Before this torrent of questions Lady Eynesford tactfully retreated a little way. A warning against hasty love dwindled to an appeal whether so much friendliness, such constant meetings, either with daughter or with father, were desirable.
"I'm sure I'm sorry for the poor child," she said; "but in this world——"
"Suppose it's all a slander!"
"My dear Alicia, do they say such things about a man in his position unless there's something in them?"
"It's nothing to me," said Alicia again.
"Of course, you can do nothing abrupt; but you'll gradually withdraw from their acquaintance, won't you?"
Alicia had escaped without a promise, pleading
for time to think in the same breath that she denied any concern in the matter. She was by way of thinking now, and all that Lady Eynesford had said repeated itself in her mind as she looked out on the garden and the glimpses of the town beyond. She understood now Dick's banishment, her sister-in-law's unresting hostility to the Medlands, and the reason why she had been pressed to go to Australia. She spared a minute to grief for Daisy, but her own sorrow would not be denied, and engrossed her again. In the solitude she had sought, she cried to herself, "Why didn't they tell me before? What's the use of telling me now?" Then she would fly back to the hope that the thing was not true, that her friends had clutched too hastily at anything which would save her from what they dreaded, and, she confessed to herself, rightly dreaded. No, she would not believe it yet; and, if it were not true, why should she not be happy? Why should she not, even though she did what Dick had not dared to do, and what, when Coxon asked her, she had laughed at for an absurdity?
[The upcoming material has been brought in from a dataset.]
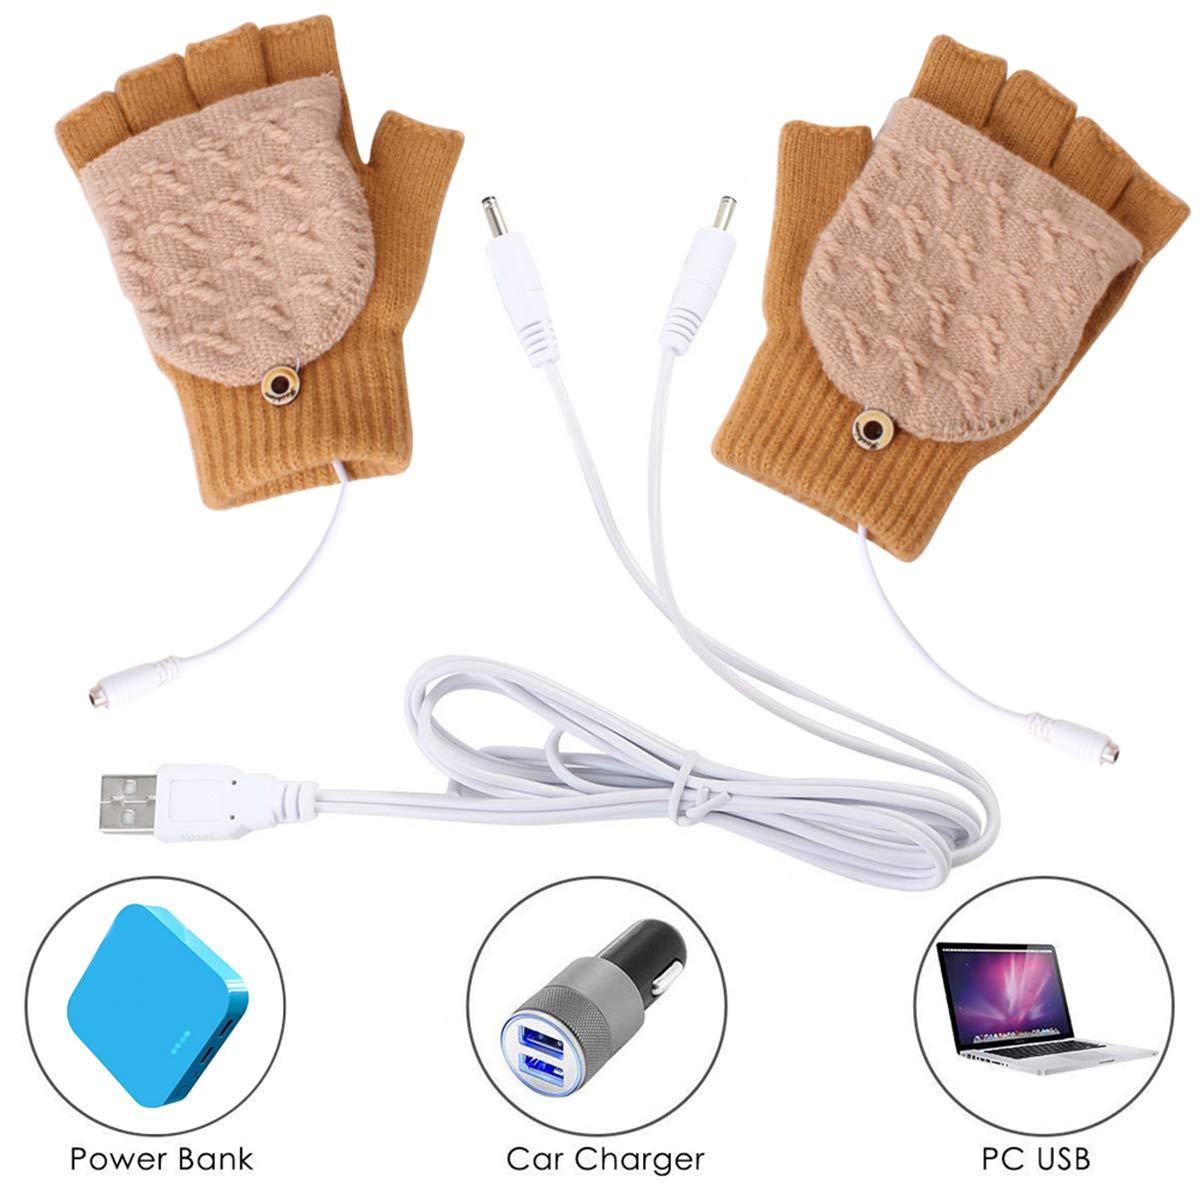 Winter Full /& Half Fingers Warmer Laptop Gloves Mittens for Women Men Girls Boys Petyoung Unisex USB Heated Gloves Best Winter Gift Choice

There began to be more movement outside the gates. The first note of band-music was wafted to her ear, and the roll of wheels announced the return of the church-goers. She roused herself and went to meet them. They were agog with excitement, partly about the meeting, partly about the murder. While Eleanor was trying to tell her of the state
of popular feeling, the Governor seized her arm and began to detail the story of the discovery.